Three days ago, the Egyptian government therefore started carrying out a detailed geo-physical survey of the wall of Tutankhamun tomb – and have so far found several anomalies which they suspect may represent a hidden chamber.
Many Egyptologists suspect that Nefertiti’s lost tomb may be lurking under a mountain immediately opposite Tutankhamun’s tomb - so the newly detected probable additional chamber in Tutankhamun's tomb complex could well contain previously unsuspected additional King Tut treasures. But Dr. Reeves’ discovery of the hidden inscription on Tutkhamun’s golden mask itself is raising other questions.
Why was Nefertiti ‘robbed’ of her mask – and, when – and why was it given to her son, Tutankhamun. The answer probably lies in the difficult political situation that occurred during the collapse of the monotheistic experiment.
A decade after Akhenaten and Nefertiti had launched their religious revolution, some evidence suggests that Egypt may have been hit by a terrible epidemic. Desperate to ensure the continuation of his new monotheistic religion, and perhaps fearful of death, Akhenaten decided to appoint his queen, Nefertiti, as co-ruler. He did so just in the nick of time – for within a few months he did indeed die. His young eight year old son, Tutankhamun (at that stage called Tutankhaten), became pharaoh and Nefertiti (now only using her new longer pharaonic name) continued as co-ruler with him, says a leading historian of the period, Dr Aidan Dodson of the University of Bristol, author of two major books on the era – Amarna Sunrise and Amarna Sunset.
For three years Nefertiti seems to have tried to find a middle way between the old polytheistic system and the new monotheistic one. But then she too died. Nefertiti had made elaborate preparations for her own death and had expected to be buried as a full pharaoh of Egypt (complete with her pharaonic gold death mask).

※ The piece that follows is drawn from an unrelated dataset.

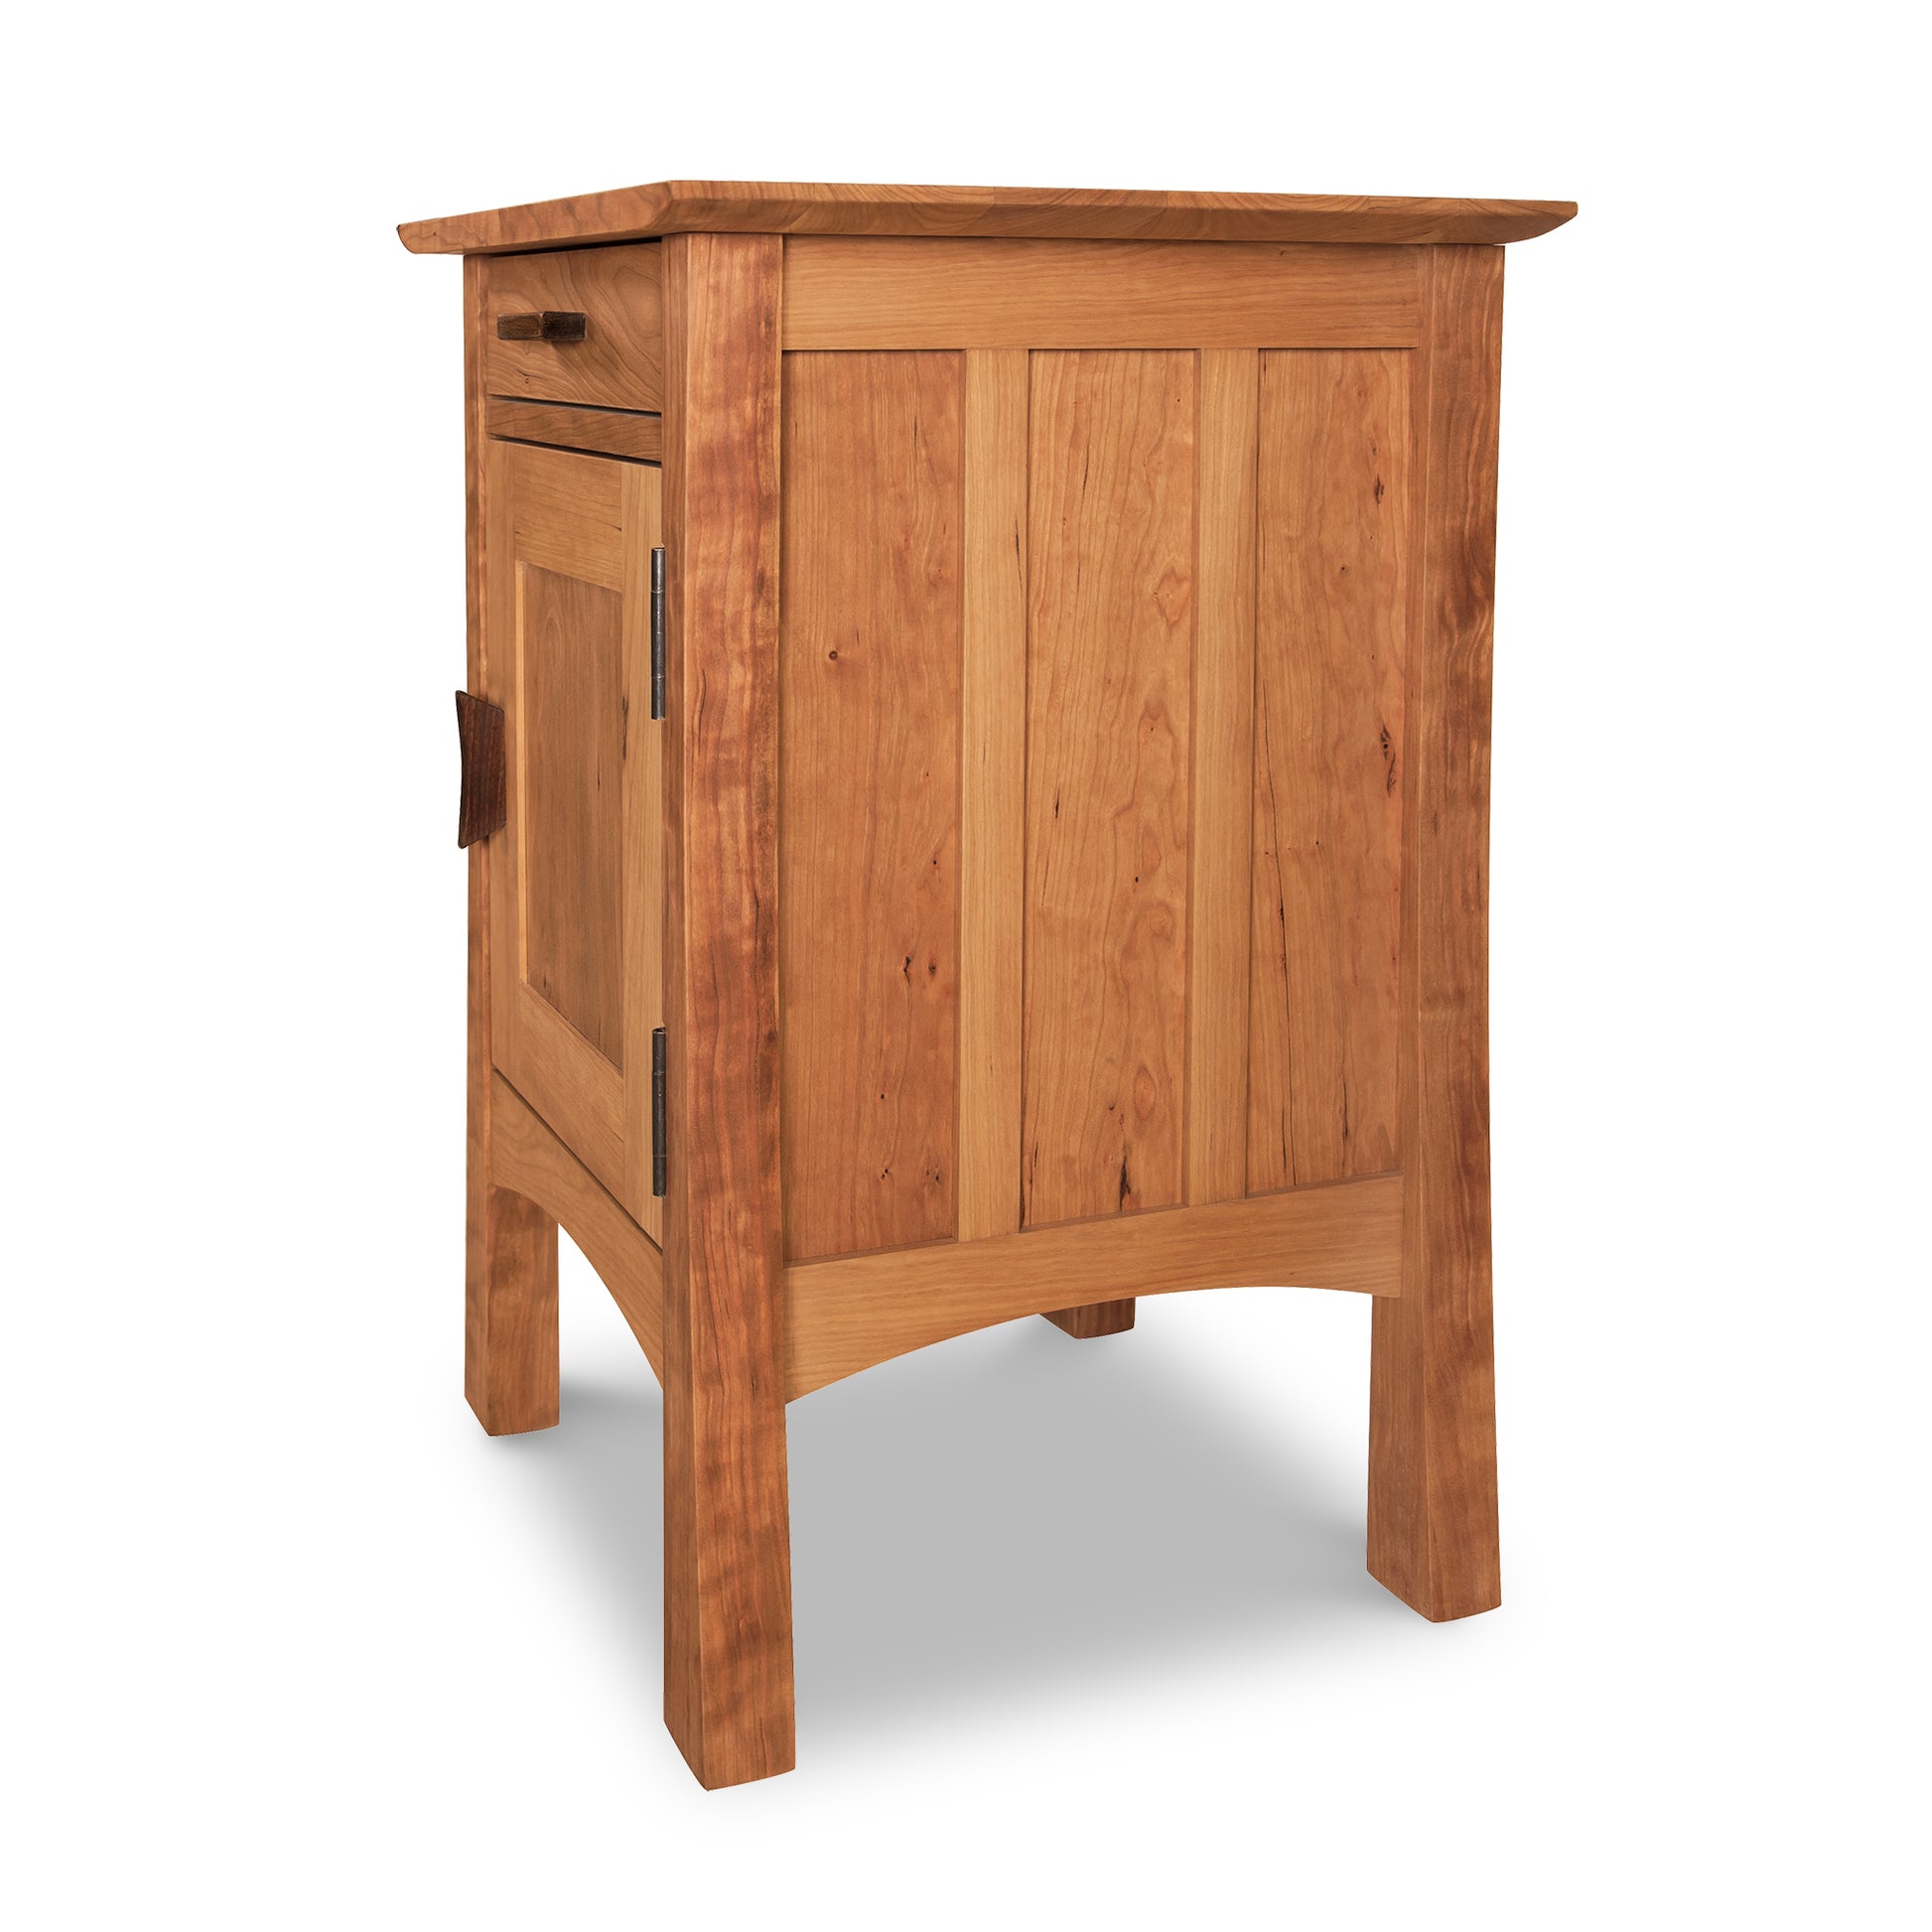 A Vermont Furniture Designs Contemporary Craftsman 1-Drawer Nightstand with Door, isolated on a white background.

But, after her death, two religiously traditional generals effectively seized power, using Nefertiti’s son Tutankhamun as a puppet pharaoh. They appear to have been determined to abandon Nefertiti’s policy of religious compromise and to return to full traditional polytheism.

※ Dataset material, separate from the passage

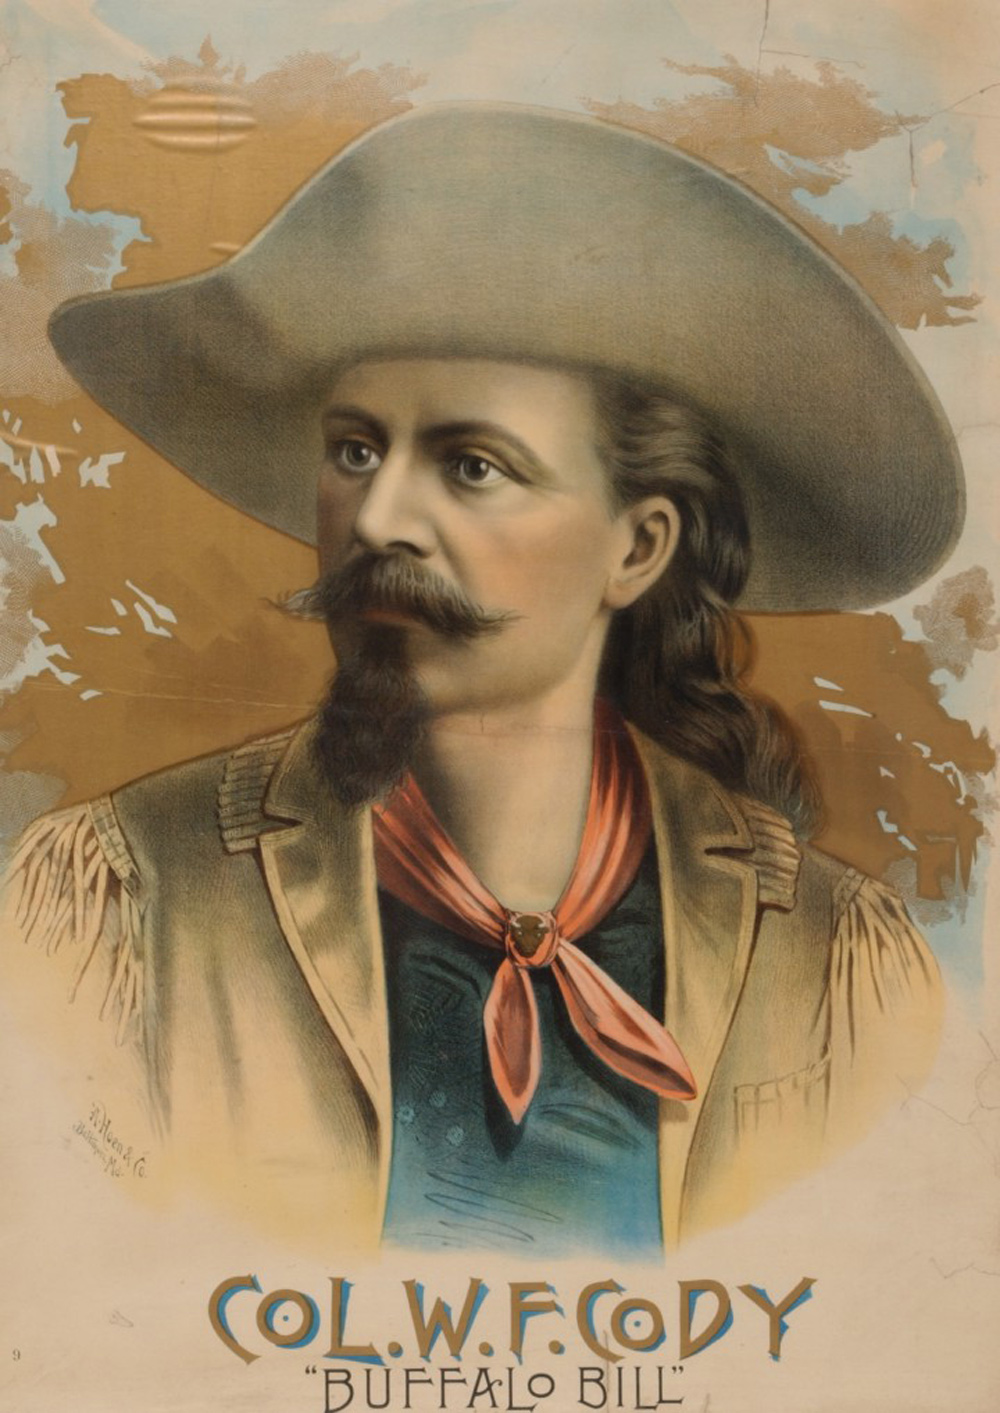 Buffalo Bill's Wild West Show Poster, Images

Dr. Reeves discovery, that Tutankhamun golden death mask had originally been made for Nefertiti, is powerful additional evidence suggesting that after her death she was deliberately politically downgraded.

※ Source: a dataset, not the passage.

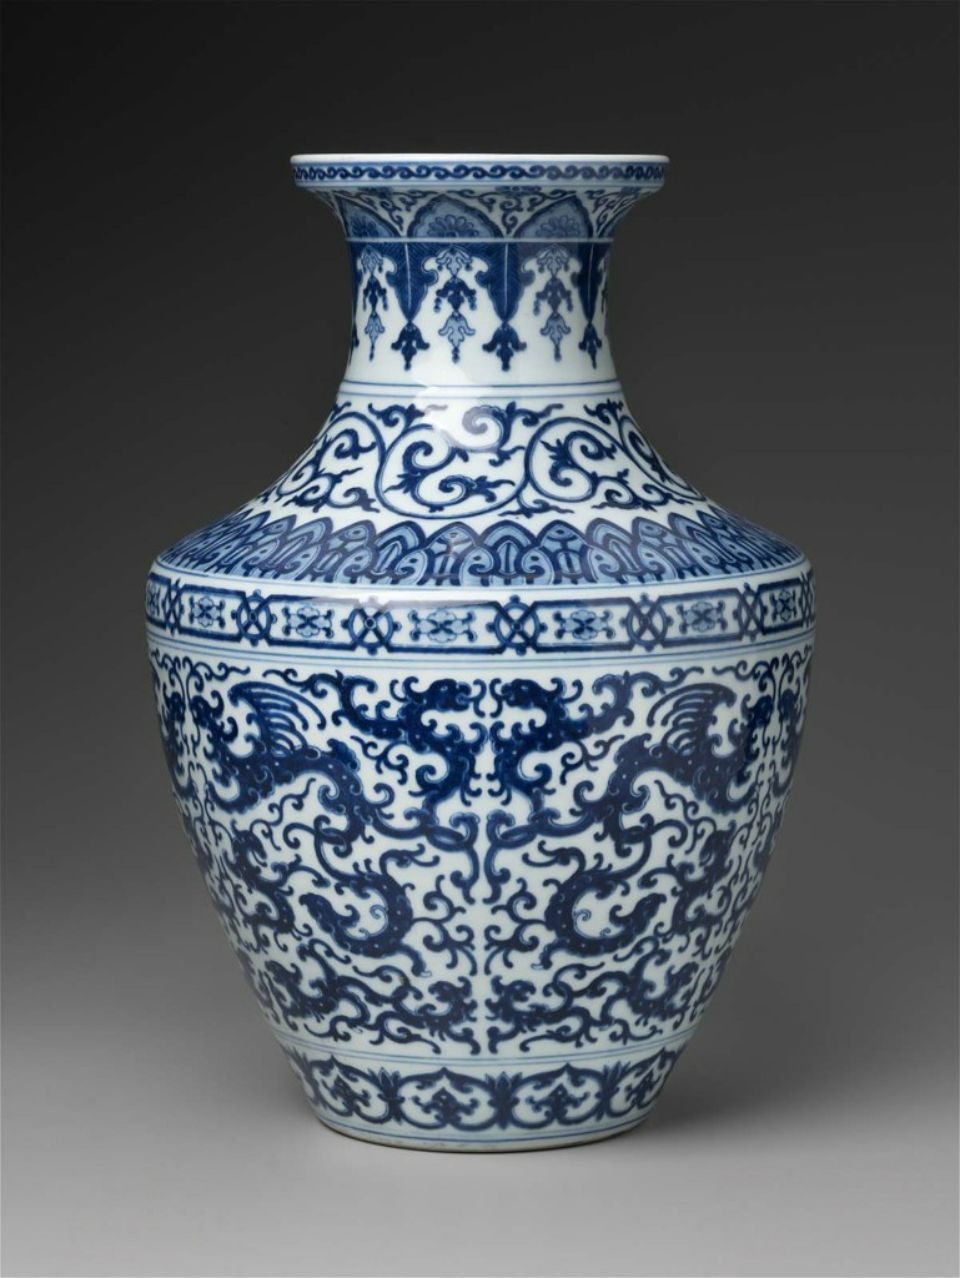 19 Stylish Tall Chinese Vases for Sale 2024 free download tall chinese vases for sale of vase with blue white phoenix winged dragons chinese qing for vase with blue white phoenix winged dragons chinese qing dynasty qianlong period 1736 95 porcelain

“This discovery re-enforces the view that, after her death, she was deprived of her status as a pharaoh and presumably buried merely as a queen,” said Dr Dodson.
The new evidence suggests that her death mask was therefore never used in her funeral or in her tomb – but was instead put in storage and eventually recycled for Tutankhamun.
King Tut’s golden mask – currently thought of as a mainly art-historical object – is now therefore likely to also become a symbol of the world’s first known major ideological struggle between monotheism and polytheism.